The smile faded when she failed to respond to his explanation or to his teasing.

'She's right, this isn't something that can be tossed off in a joke.' He searched for the words that would say what he felt when he hadn't yet examined his own feelings.

"There is something in me," he began slowly, "that prefers the urgency of life rather than the unfathomable stretch of eternity. Anij wanted to teach me to live within the moment, to make a single moment last as long as possible. In retrospect," his mouth quirked in a small show of self-derision, "which came about an hour after we left Ba'ku, that seems to be redundant when a reasonable expectation of their life span is well over 300 years. No matter how long a moment lasts or how perfect it may be, it is only a moment."
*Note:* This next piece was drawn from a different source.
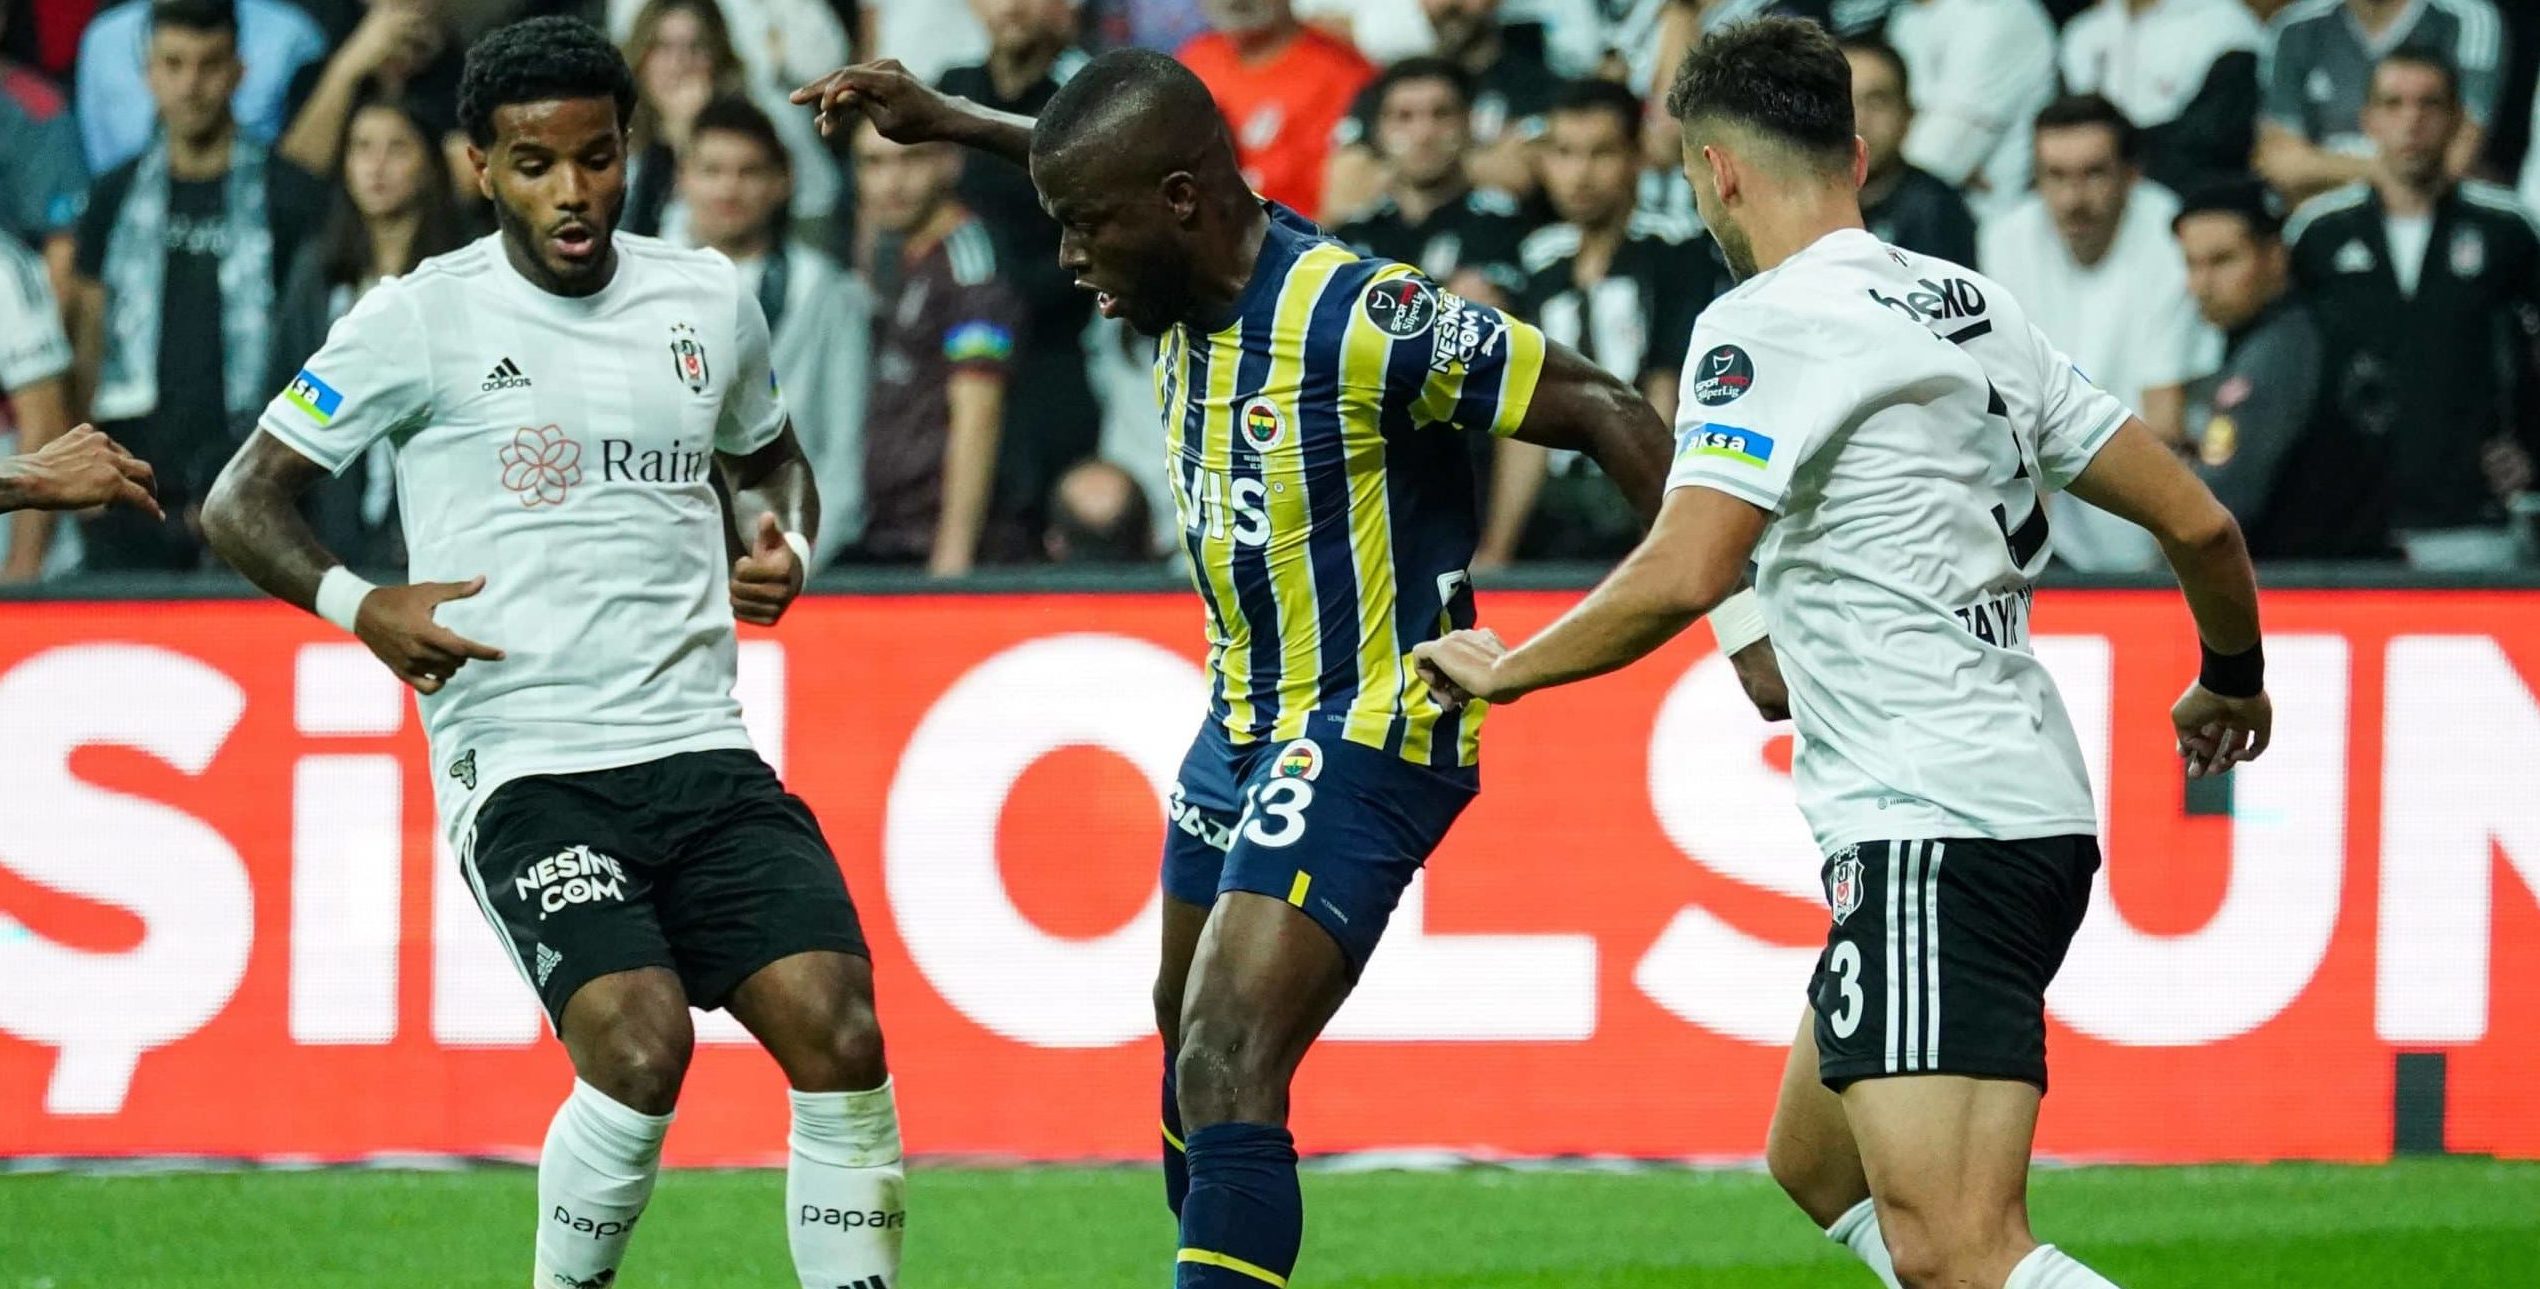 Ankaragücü vs Fenerbahçe: A Historic Football Rivalry
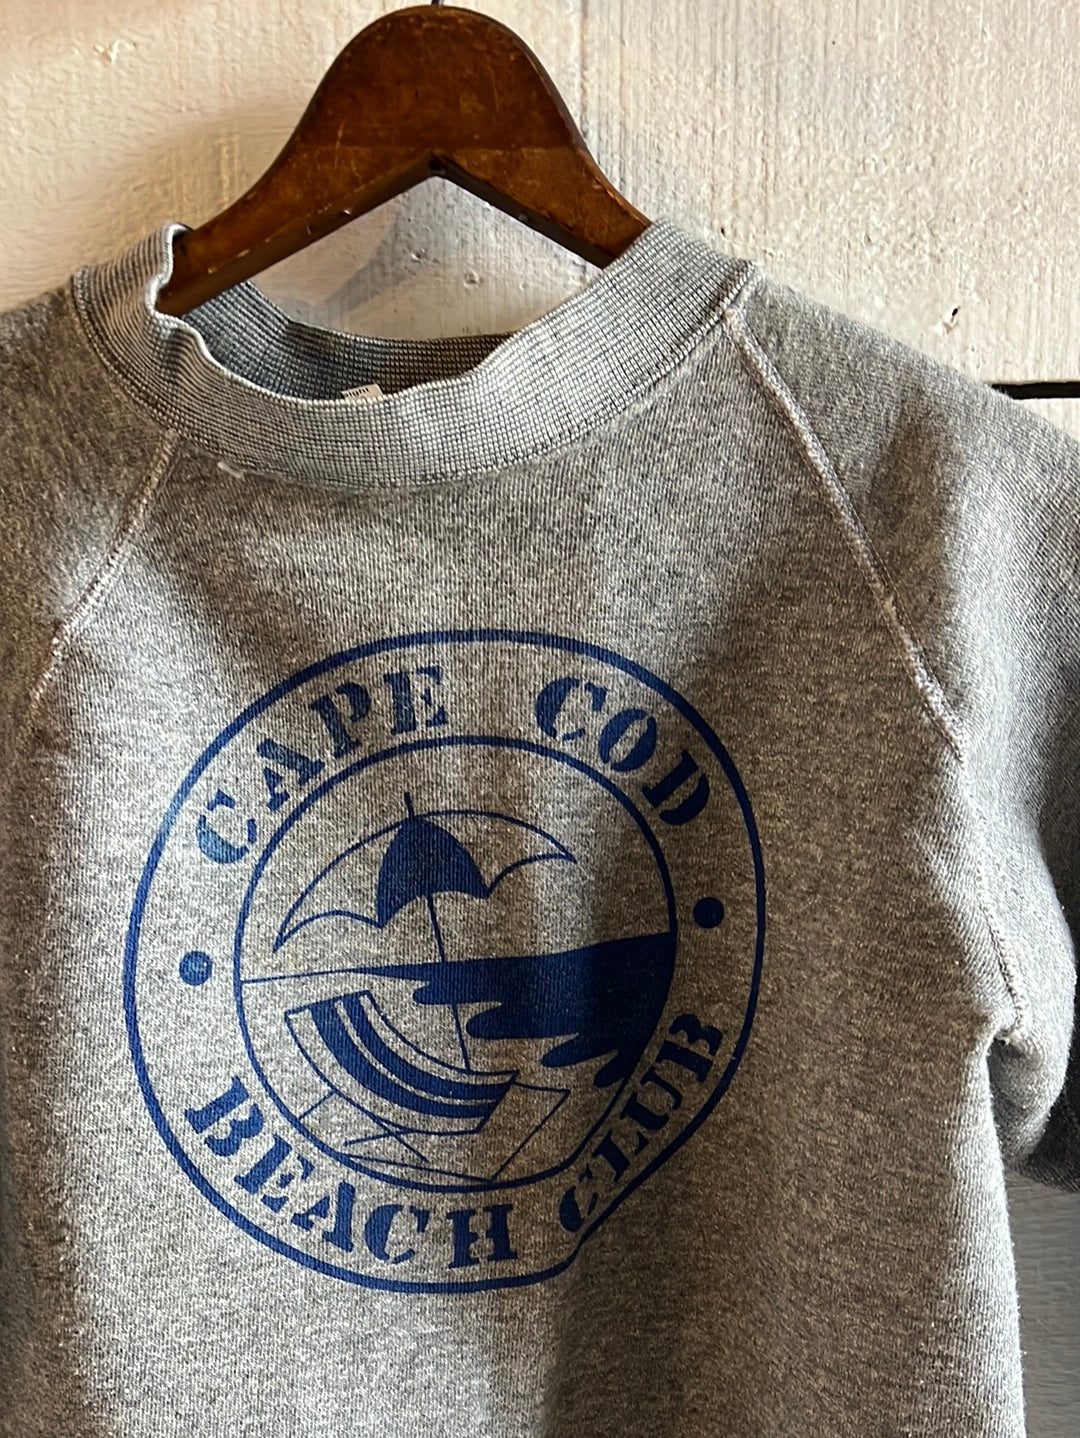 Vintage Raglan Sweatshirt - Cape Cod Beach Club

His fingers tightened around hers. "You want me to live every moment. Beverly, you challenge my mind, my heart, my soul. Every moment with you makes me eager for the next and the next. Someday I hope I can prove my love and earn your love in return."

Her free hand was steady as Beverly reached out to touch his cheek, but there wasn't anything she could do about the tremor in her voice. "You can't earn what you already have."

He held her hand to his face before sliding it down to his mouth. The kiss he placed in her palm was a deliberate reminder of his similar actions on the contest field. "I'm sorry for being such an old fool."

"It doesn't matter anymore. What's one week when we have years ahead of us? Us, Jean-Luc... you, me and our baby."

His hands rested lightly on her hips as he dropped to his knees before her and kissed her flat belly through her clothes. "A baby," he murmured wondrously. "Are you sure?"

"Double checked and triple checked," she assured him, stroking his head and pressing him closer. "King Jean-Luc's subjects would be greatly pleased with your first efforts."

He loved the feel of her gentle laughter as it vibrated through her to where his cheek rested. Looking up, he saw sparkling sapphire eyes smiling at him. More importantly at the moment, he saw the lush mouth that had been driving him insane for years coming down to cover his.